Composable Agile Units

Just as an Agile development team comprises members covering each talent necessary for full feature development, so the Agile DataOps toolkit comprises each function necessary to deliver purpose-fit data in a timely manner. The Agile DataOps toolkit not only allows you to plug-and-play a particular tool between different vendor, open source or homegrown solutions, it also allows greater freedom in deciding the boundaries of your composable Agile units.

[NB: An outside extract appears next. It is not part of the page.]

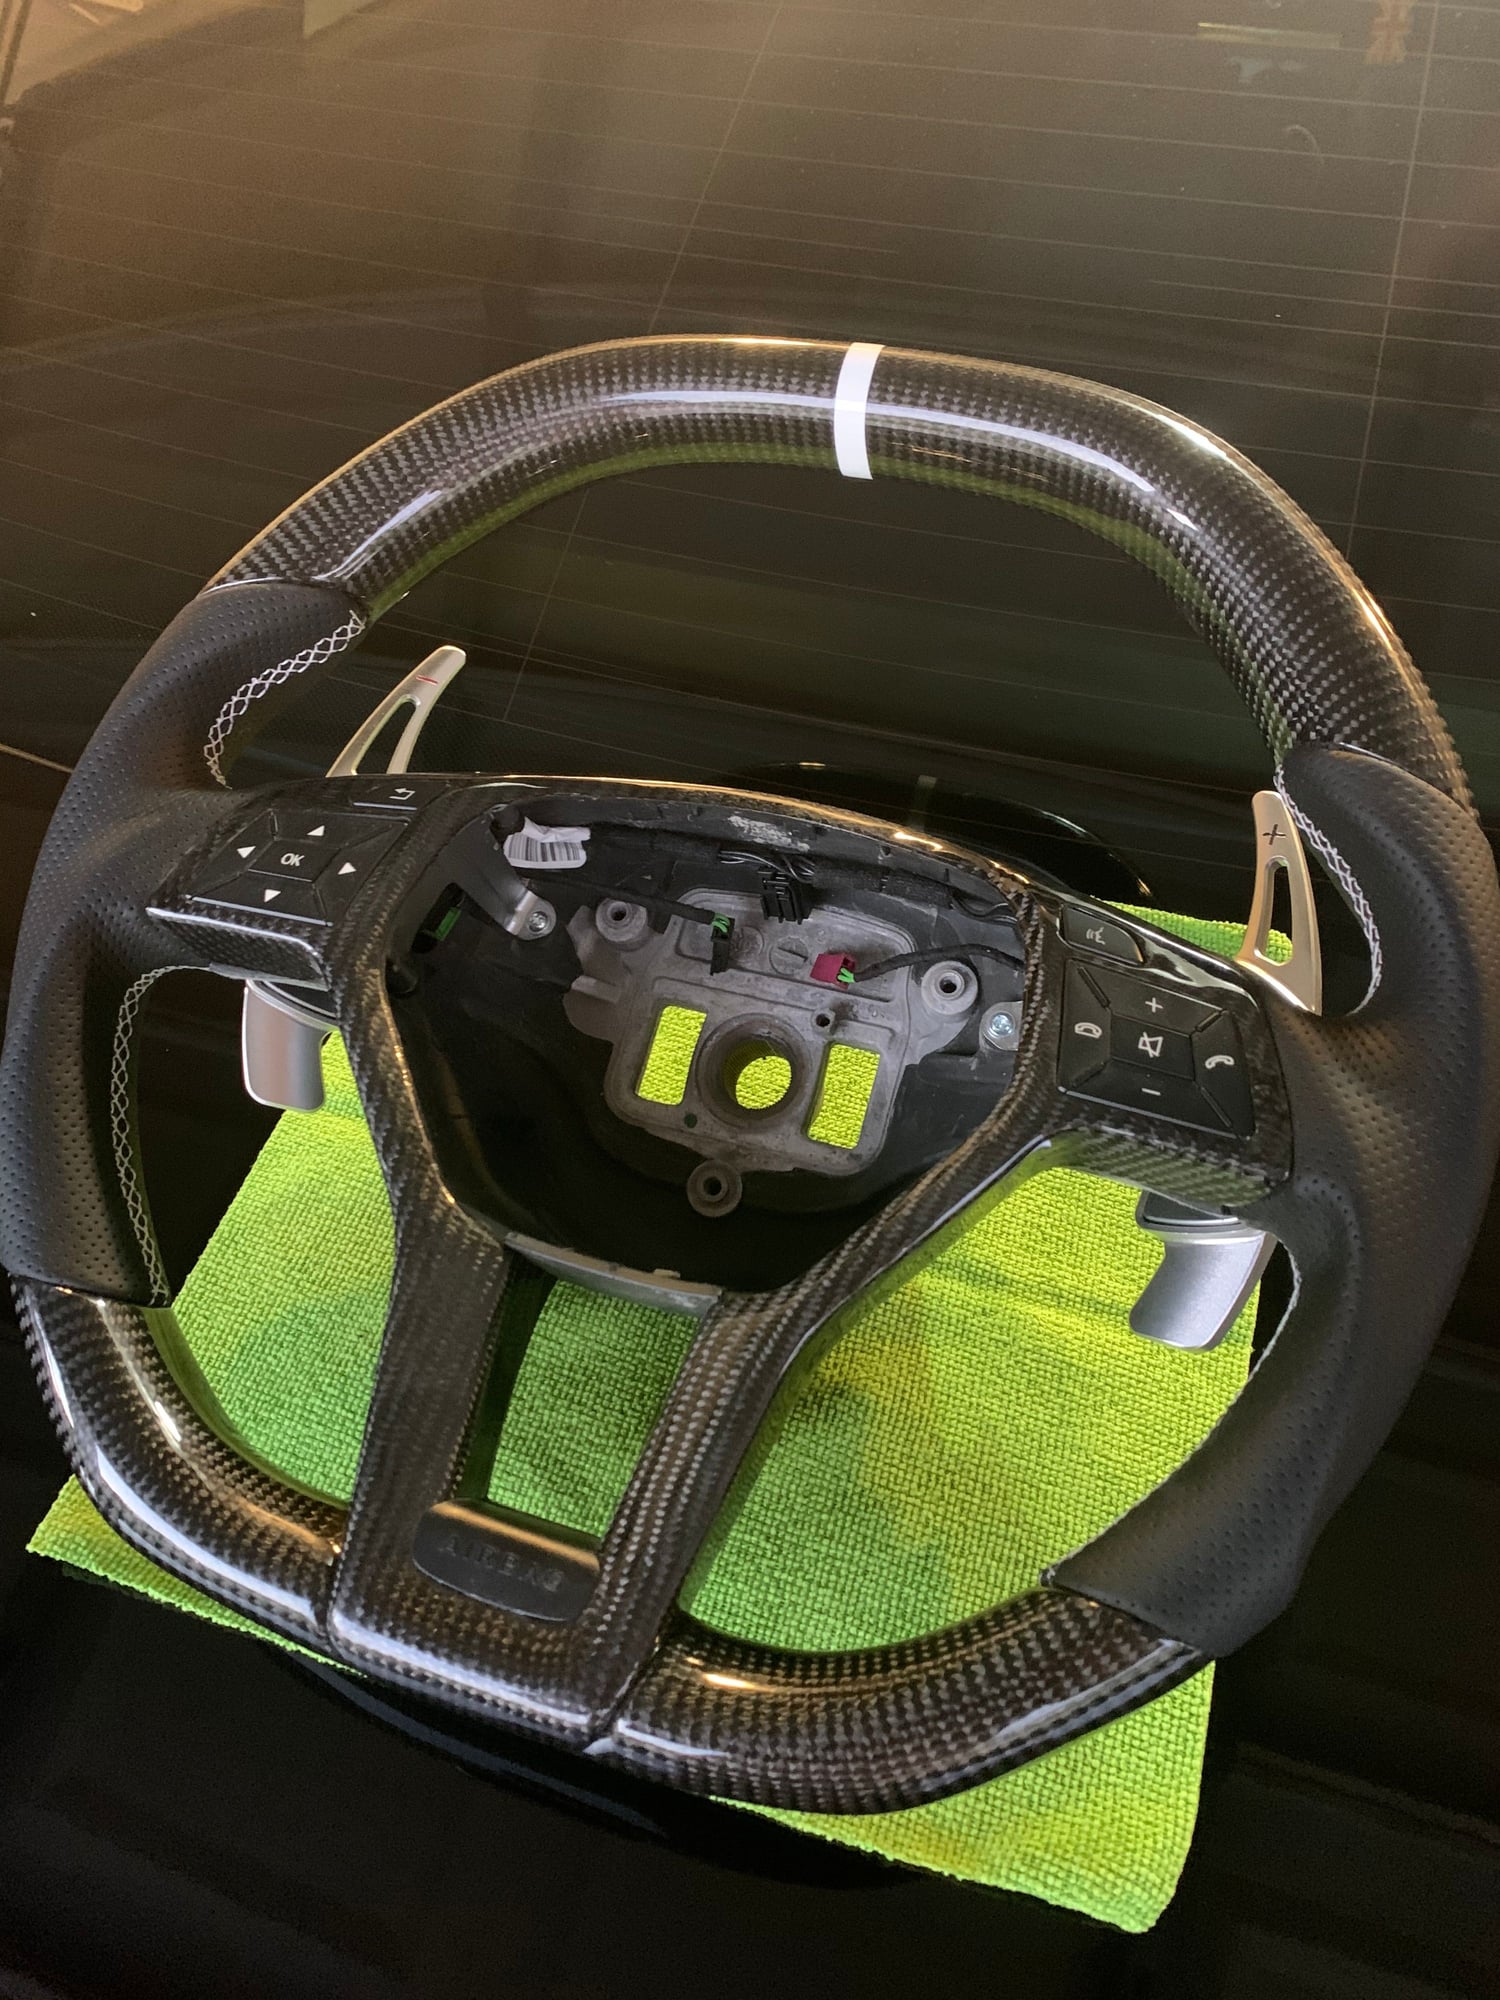 Interior/Upholstery - New AMG Carbon Fiber Steering Wheel - New - 2012 to 2017  All Models - Miami, FL 33101, United States

This is key when trying to compose Agile DataOps teams and tools while working within the realities of your available data engineering and operations skill sets. Whether your data dashboarding team member is a Tableau or Domo wizard does not determine which record matching engine you use. If your dashboarding team can work across many different record matching engines, then your record matching engine should be able to work across many different dashboarding tools. In stark contrast to the single platform approach, DataOps thrives in an environment of plug-and-play tools and capabilities. DataOps tools aspire to the mantra of doing one thing exceptionally well, and thus when taken together present a set of nonoverlapping complementary capabilities that align with your composable units.

Results Import

In practice, however, even DataOps tools can, and often must, overlap in capability. The answer to this apparent redundancy reveals one of the unique hallmarks of interoperability in the DataOps stack, namely the tool’s ability to both export and import its results for common overlapping capabilities. In composing your DataOps pipeline, this allows your team to decide where best the artifacts and results of a particular common ability should be natively generated or imported.

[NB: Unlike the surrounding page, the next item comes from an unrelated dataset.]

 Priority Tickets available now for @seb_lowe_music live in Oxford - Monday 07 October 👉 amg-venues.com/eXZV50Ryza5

Consider that a data extract tool, a data unification tool, and a data catalog are each capable of generating a basic dataset profile (record count, attribute percentage null, etc.):

  • The data extract tool has direct connectivity to the raw sources and can use and extract physical properties and even metrics where available, producing a basic data quality profile.

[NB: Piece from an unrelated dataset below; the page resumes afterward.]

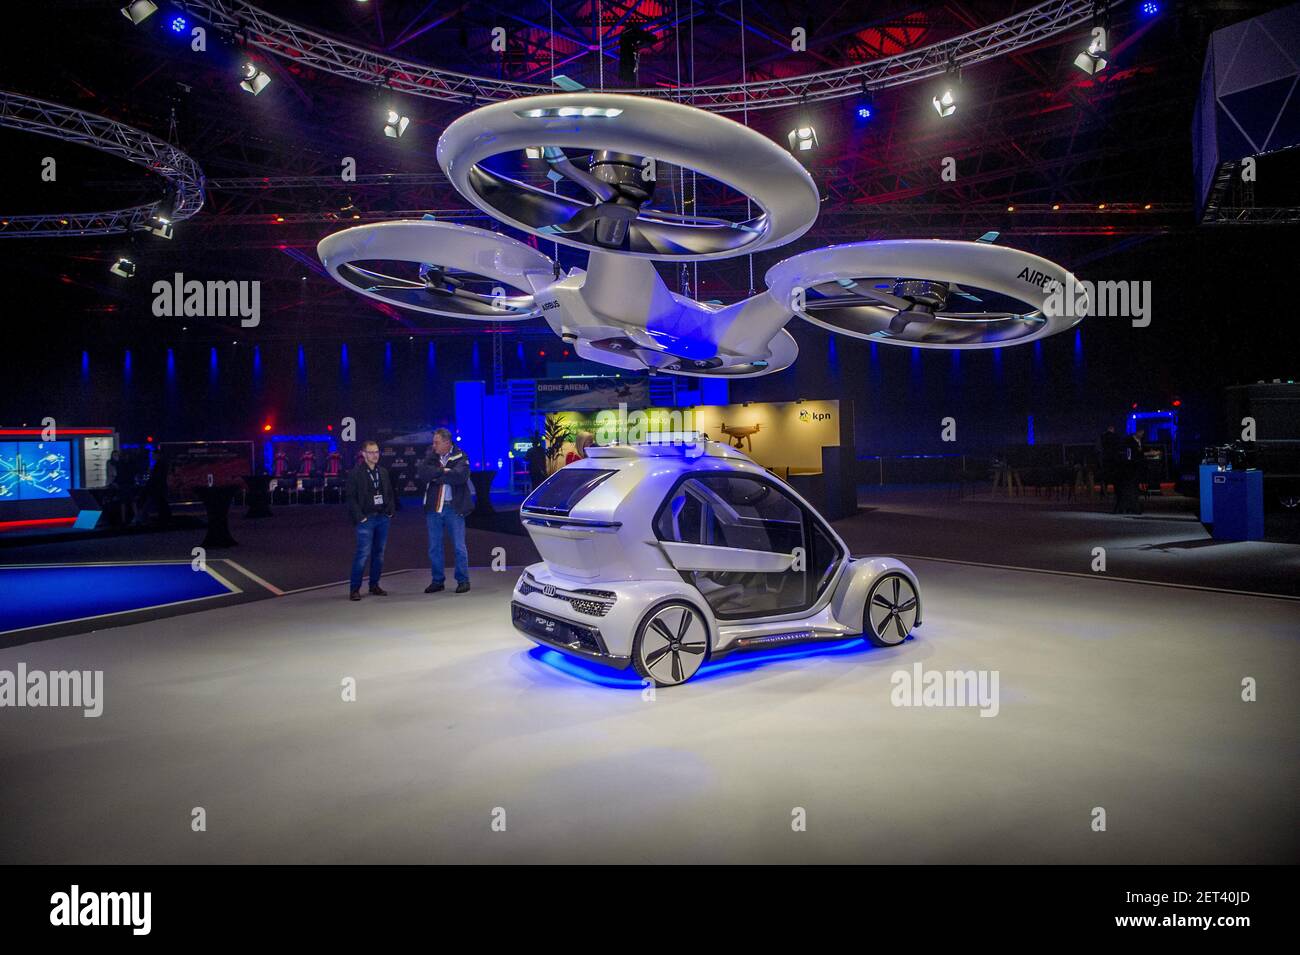 AMSTERDAM - 29 November 2018 During the Amsterdam Drone Week, Airbus shows  its latest drone design designed as an alternative to taxis or public  transport. This drone can transport two people through

  • The data unification tool, although capable of generating a profile of the raw data it sees, might not have the same visibility as the extract tool and would benefit from being able to import the extract tool’s profile. This same imported profile then sits alongside any generated profile, for example of a flat file to which the unification tool has direct access.

  • The data cataloging tool, capable of profiling myriad file formats, catalogs both the raw datasets and the unified logical datasets, and benefits by importing both the extract tool dataset’s profiles and the unification tool dataset’s profiles, presenting the most informative view of the datasets.

Although each tool in the just-described DataOps toolkit is capable of generating a dataset profile, it is the ability of each tool to both export and import the dataset profile that is key. This ability allows the DataOps team great flexibility and control in composing a pipeline, designing around the core nonoverlapping ability of each component, while taking advantage of their import and export functionality to afford the interoperability of common abilities.

Metadata Exchange

The ability of the DataOps team to rapidly compose, build, and deploy data unification, cataloging, and analytics pipelines, with plug-and-play components, seems to present a formidable systems integration challenge. In DataOps however, the focus of interoperability is not the need for closer systems integration—for example, with each tool possessing native support for each other tool—but rather the need for open interoperable metadata exchange formats. This objective reveals the second unique hallmark of interoperability in the DataOps stack, namely the ready exchange and enrichment of metadata.

To illustrate, consider a data element richly decorated with the following metadata:

Data type

numeric

To a data extraction tool, the data type is immediately valuable because knowing the data type might allow for faster extraction and removal of unnecessary type casting or type validation.

Description

Total spend

To a data unification tool, the description is immediately valuable because the description, when presented to an end user or algorithm, allows for more accurate mapping, matching, or categorization.

Format

X,XXX.XX

To a dashboarding tool, the data format is immediately valuable in presenting the raw data to an analyst in a meaningful, consumer-friendly manner.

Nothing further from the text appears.